- Born: 7 February 1945 Mölndal, Sweden
- Died: 16 October 2025 (aged 80)
- Education: Valand Art Academy
- Known for: Sculpting
- Notable work: Solringen [sv] (1993); 1998 Gothenburg discotheque fire memorial (2008);

= Claes Hake =

Swedish sculptor (1945–2025)

Claes Hake (7 February 1945 – 16 October 2025) was a Swedish sculptor. He was known for monumental stone sculptures, which were displayed in public settings such as parks and train stations. Two of his most notable works are Solringen, displayed at the Gothenburg University Library, and the memorial for the victims of the 1998 Gothenburg discotheque fire. His sculptures have been displayed in Scandinavia, Germany, and the United States.

== Early life and education ==
Hake was born in Mölndal on 7 February 1945. He was dyslexic. He was accepted to the Valand Art Academy in 1963, at the age of 17. He received his master's degree at 22. He was first interested in painting before sculpting.

== Career ==
In the first ten years after graduating from Valand, he sold just three sculptures. He supported himself working as a stagehand at the Gothenburg City Theatre.

Hake's 1982 bronze sculpture Bohuslän, usually displayed at Gothenburg Central Station, was stolen in 1992. It was later recovered and donated to the city's cultural committee. He sculpted Solringen, which was installed in 1993 at the Gothenburg University Library. His 1995 sculpture Arch is displayed in Umedalen skulpturpark. He was awarded a ten-year fellowship from the Swedish Fine Arts Foundation in 1997.

With fellow sculptors Pål Svensson and Kent Karlsson, he had a group showing in Gothenburg in 2005.

He designed the memorial for the victims of the 1998 Gothenburg discotheque fire. The names of the 62 victims were engraved on a slab of polished blue granite, measuring 10 m long and 2 m high. The memorial was unveiled in 2008, on the tenth anniversary of the fire.
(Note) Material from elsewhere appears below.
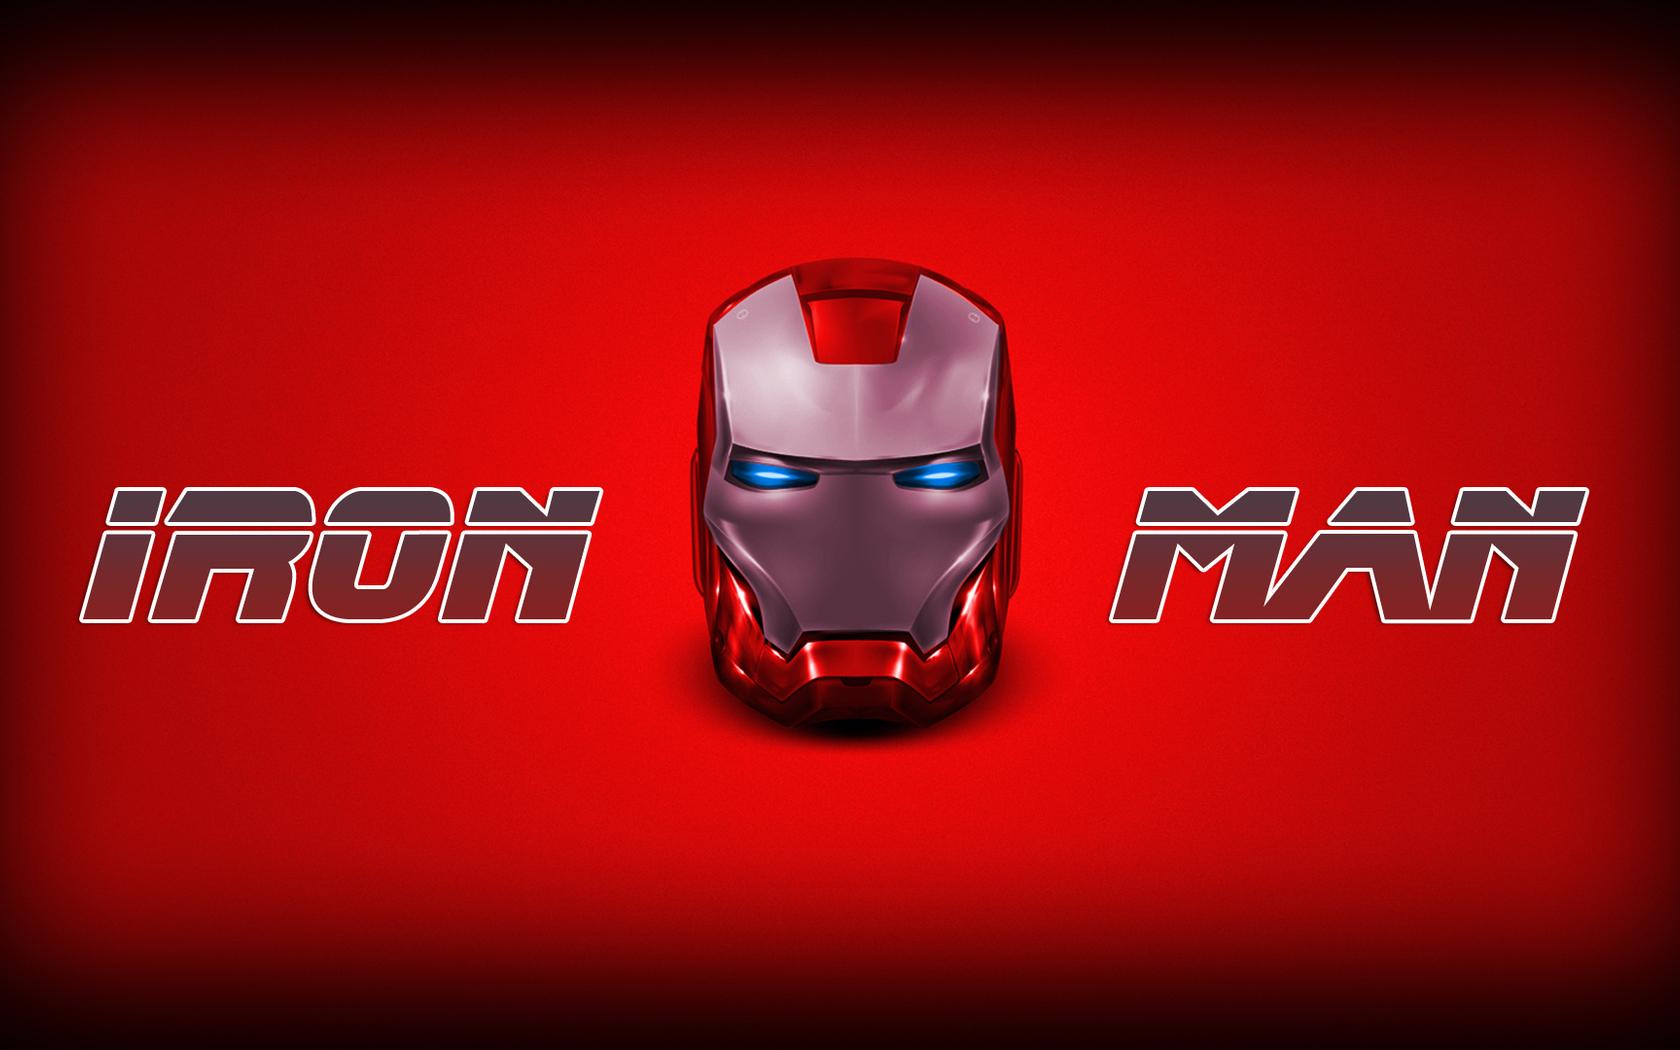 Wallpaper Supernatural 3d Iron Man Desktop Background Pixelstalk Net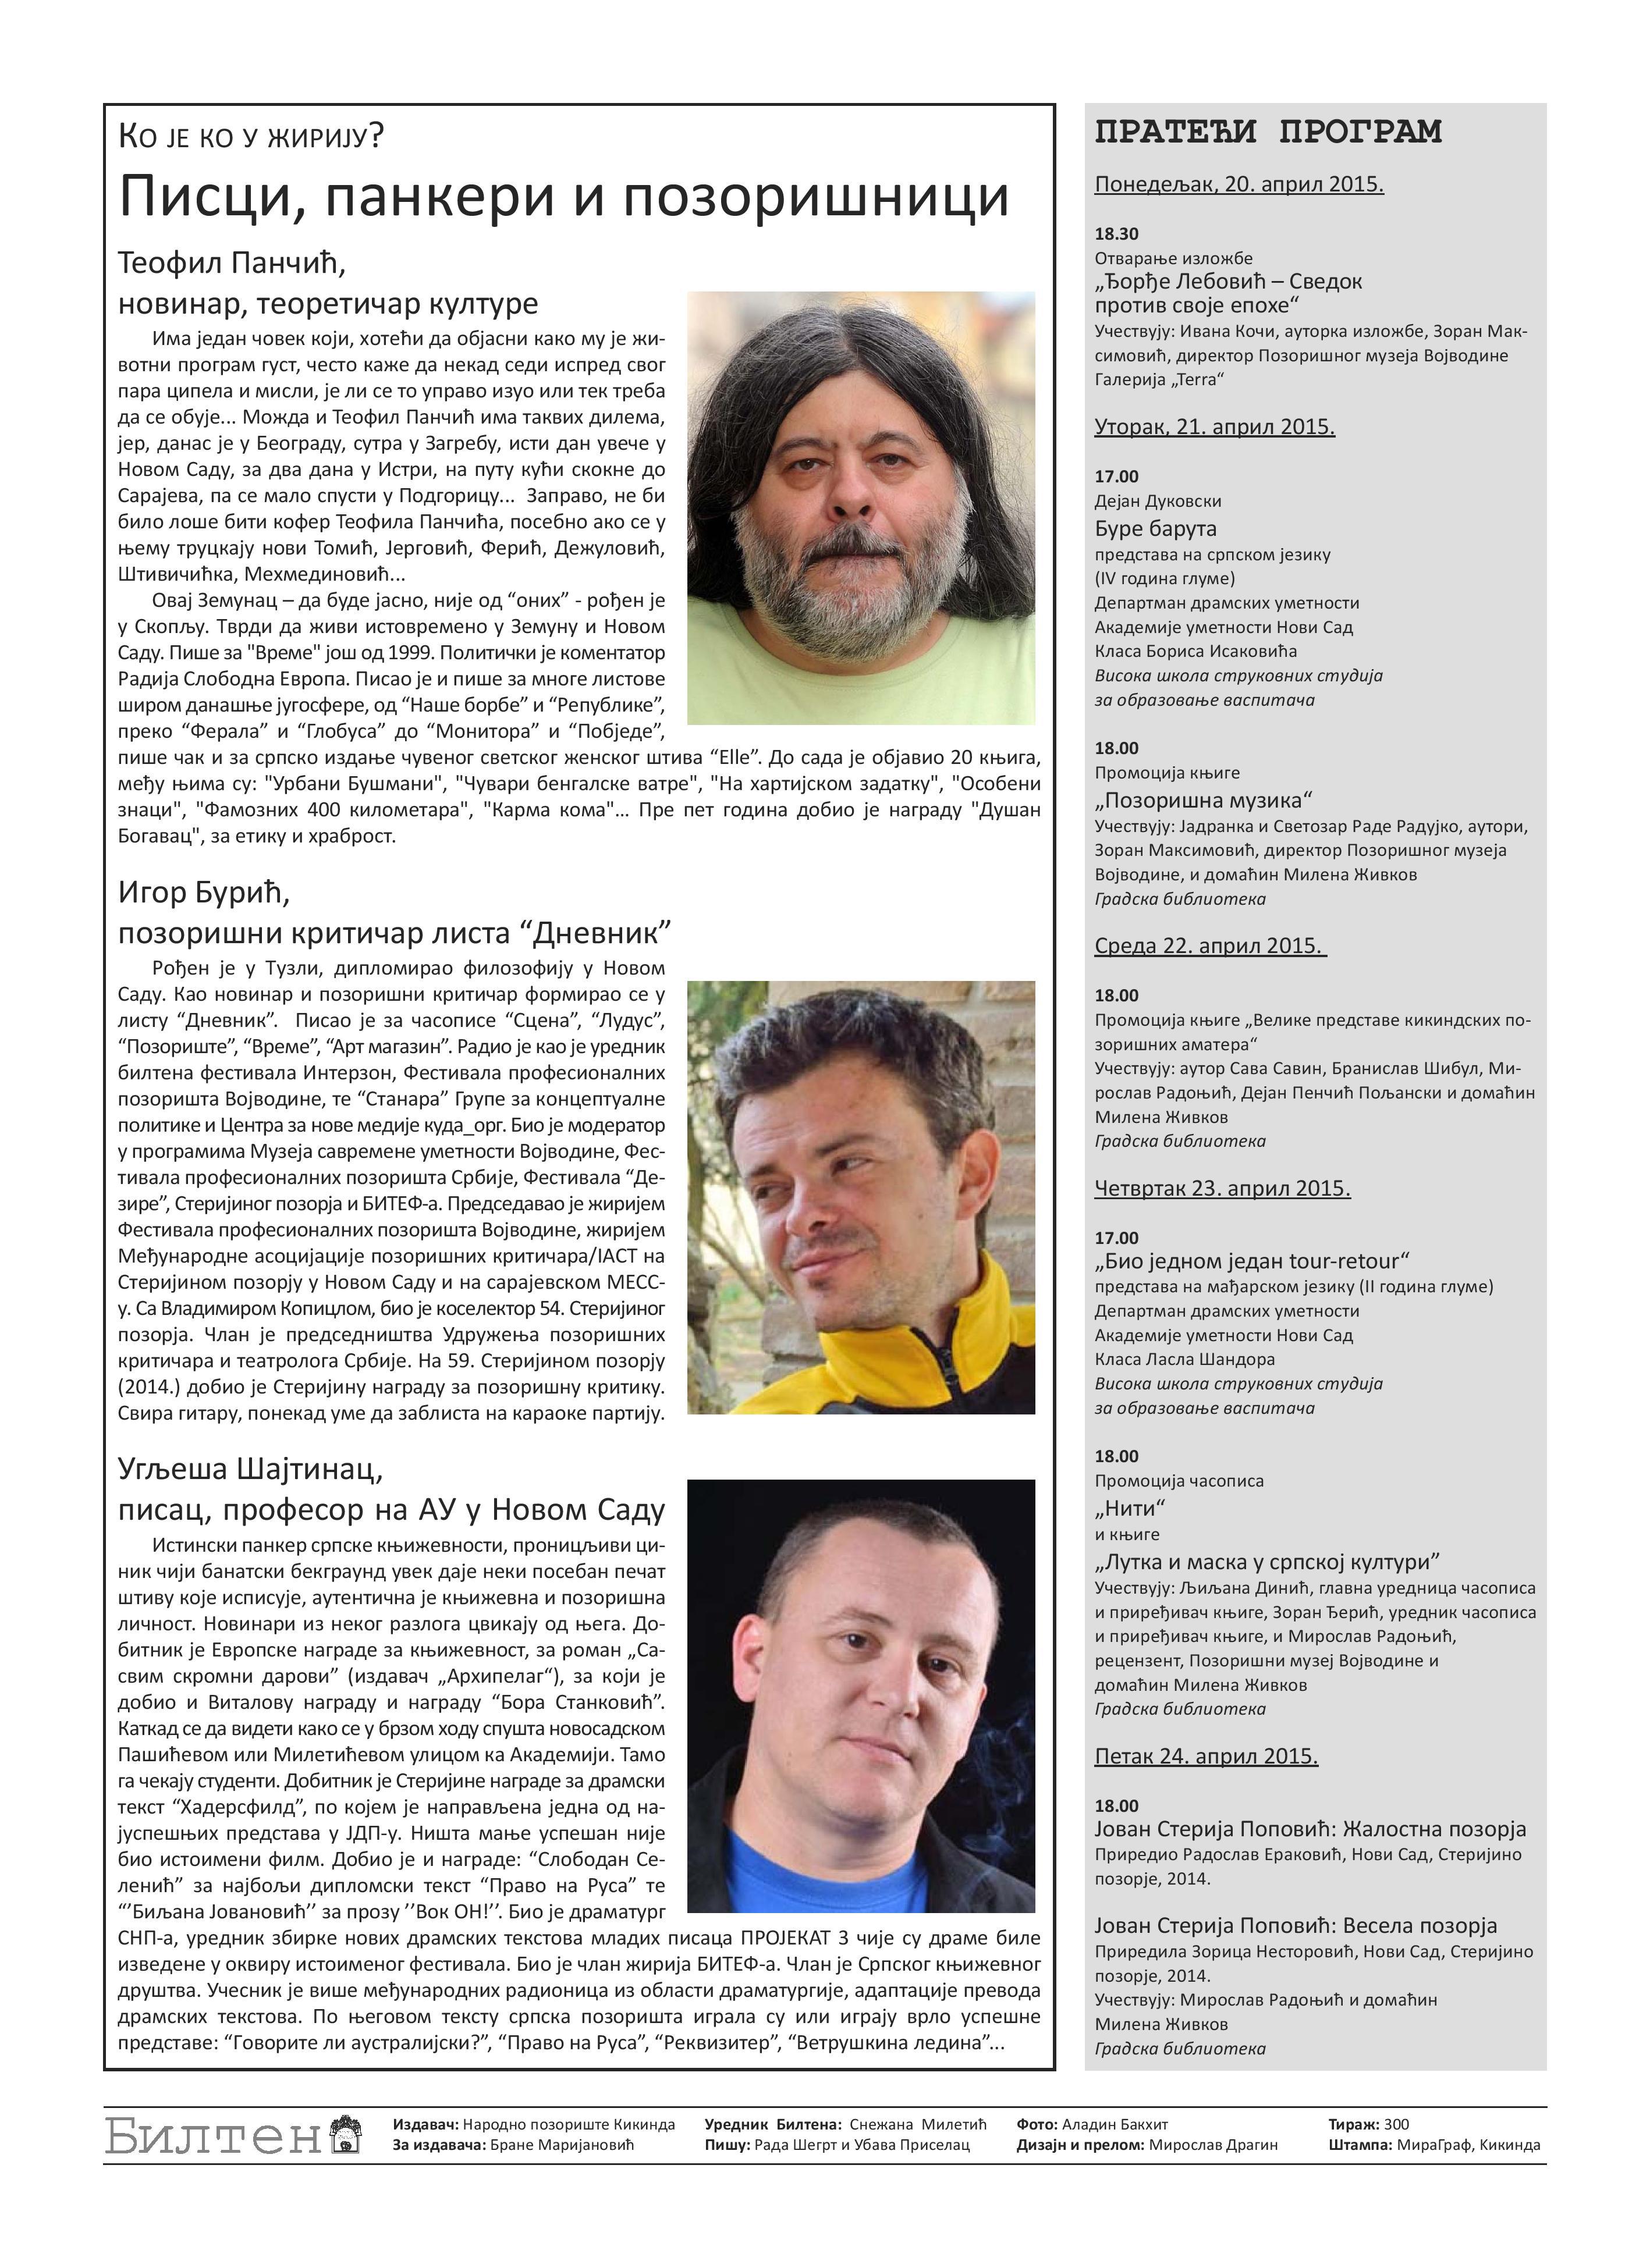 BILTEN_01_20 april_web-page-004

His 2020 solo exhibition at the Wetterling Gallery received praise from Birgitta Rubin in Dagens Nyheter. In 2024, many of his works (made between 1962 and 2024) were exhibited in a career retrospective at the Nordic Watercolour Museum in Tjörn. The exhibit was acclaimed by Boel Ulfsdotter in Göteborgs-Posten.

He exhibited Döskallar och Dönickar, containing 70 bronze sculptures, at Galleri Thomassen from 13 September to 5 October 2025. Hake was seriously ill at the time of the show, and Karin Frid of Göteborgs-Posten characterised the exhibit as a "chance to say goodbye."

== Death ==
Hake died on 16 October 2025, at the age of 80.